Fig. 4 A-4C instantiate influence of the wavelength of light source to optical fiber heating uniformity, it is assumed that are only heated from the side of optical fiber
(with light radial asymmetrical irradiation optical fiber).Fig. 4 A-4C are instantiated using from the CO to work under various respective wavelengths2With
The wavelength of CO lasers carries out optical fiber to simulate the data of laser heating.Specifically, these simulations consider 2D Gaussian beams, and
Peak strength is 10MW/m2, which is focused into 60 microns of spot size in the apex of optical fiber circular cross-section.One
As for, the various optical maser wavelengths in infrared region can be used for heating optical fiber.Specifically, about 3.5 microns to about 11 microns red
Outer wave-length coverage is effective, because silica fibre more strongly absorbs these wavelength.

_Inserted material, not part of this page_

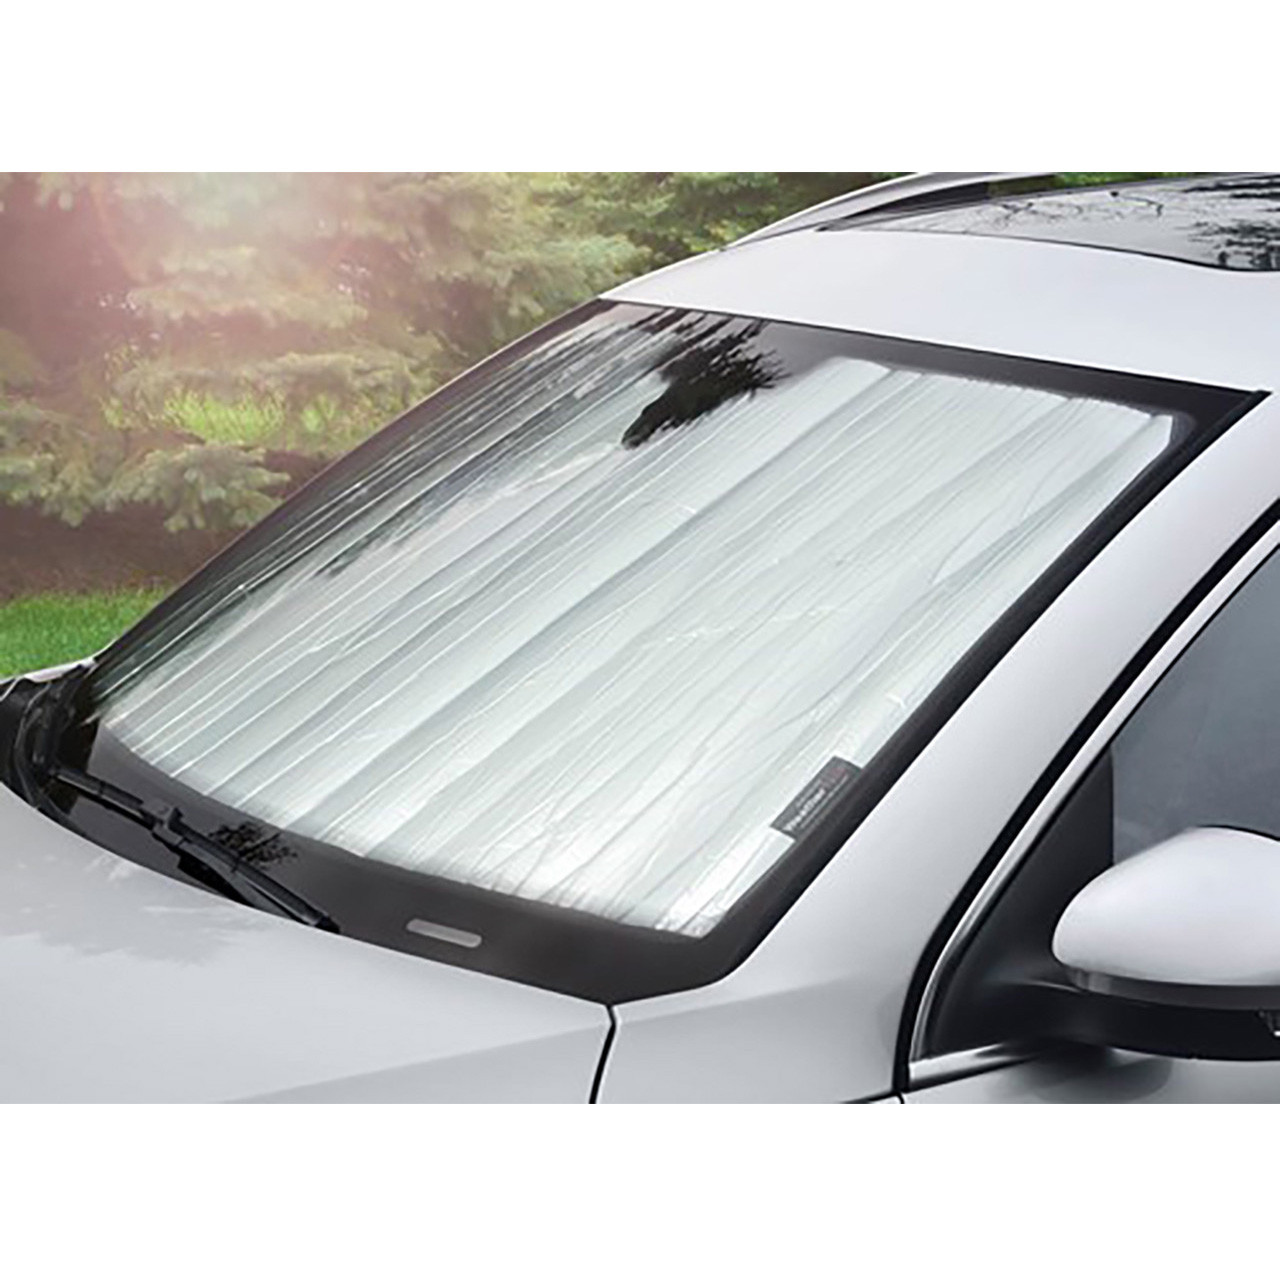 LFOTPP Car Windshield Sunshades for Ioniq 5 2022 2023 Front Window

Fig. 4 A are used in the CO to work under 9.3 microns2After laser heats 5 milliseconds (ms), the section temperature point of optical fiber
Cloth curve.The absorption depth of optical fiber at that wavelength is 300nm.As indicated by Fig. 4 A, after the heating time of 5ms, optical fiber
On section temperature is in the range of about 320K to about 420K or variation range is about 100K.
Fig. 4 B are also illustrated to be heated with 5ms, but uses the CO to work under 10.6 microns of wavelength2Laser.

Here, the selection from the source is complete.